Others sided with Mitchell, with one claiming “she’s 10x the writer and 100x the singer,” as yet another commenter pointed out that “Joni has also had very positive things to say about Dylan’s songs over the years.”
It’s absolutely true that Mitchell has given Dylan plenty of praise as well, even crediting him for the influence his work had on her early career.

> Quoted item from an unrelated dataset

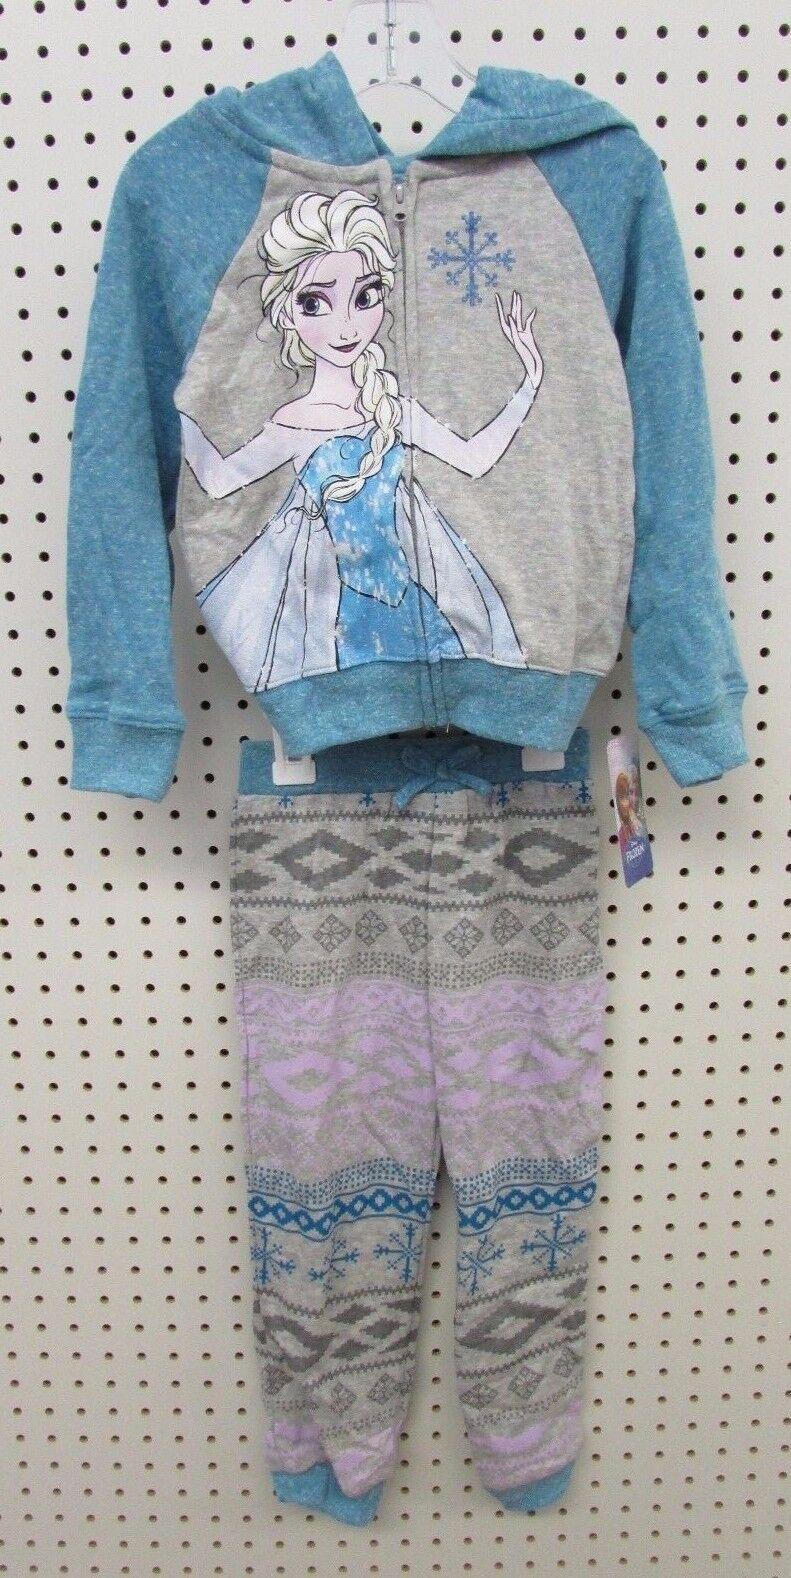 Disney Frozen's Elsa - Size: 4T Toddler Girl's  2-Piece Jogg

“There came a point when I heard a Dylan song called ‘Positively 4th Street’,” she once recalled, “and I thought ‘Oh my God, you can write about anything in songs’. It was like a revelation to me,” she said, per Far Out Magazine
“I started scraping my own soul more and more and got more humanity in it. It scared the singer-songwriters around me; the men seemed to be nervous about it, almost like [Bob] Dylan plugging in and going electric. Like, ‘Does this mean we have to do this now?’ But over time, I think it did make an influence. It encouraged people to write more from their own experience,” Mitchell added.

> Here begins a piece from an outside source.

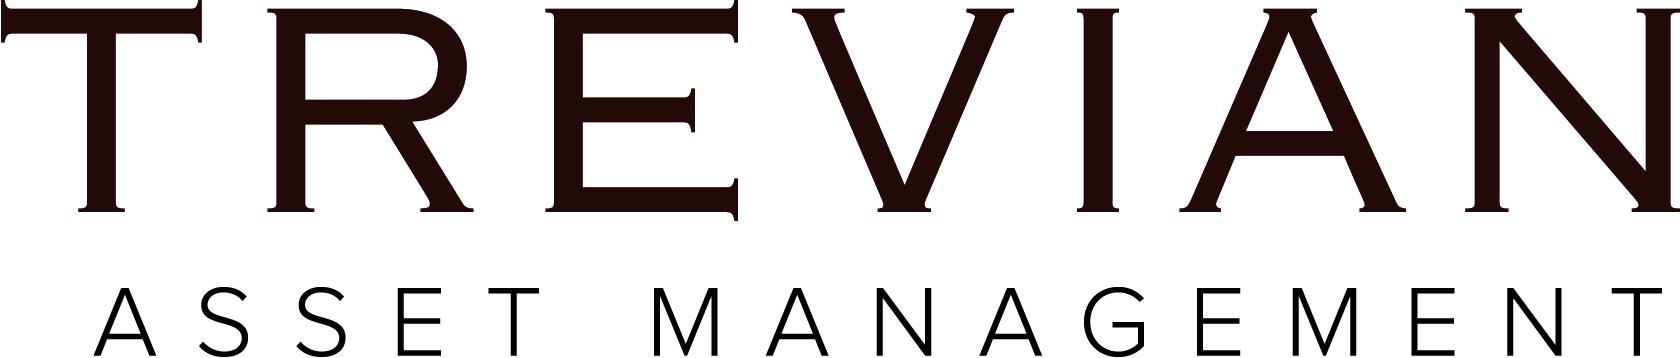 Trevian Asset Management Oy

It’s also important to note that several years after she was quoted as calling Dylan a “plagiarist” in the LA Times (an experience she slammed, saying, “I hate doing interviews with stupid people”), Mitchell clarified her comments in a 2013 interview with the CBC.
“I like a lot of Bob’s songs,” she said, adding, “Musically, he’s not very gifted. He borrowed his voice from old hillbillies. He’s got a lot of borrowed things…He’s invented a character to deliver his songs.”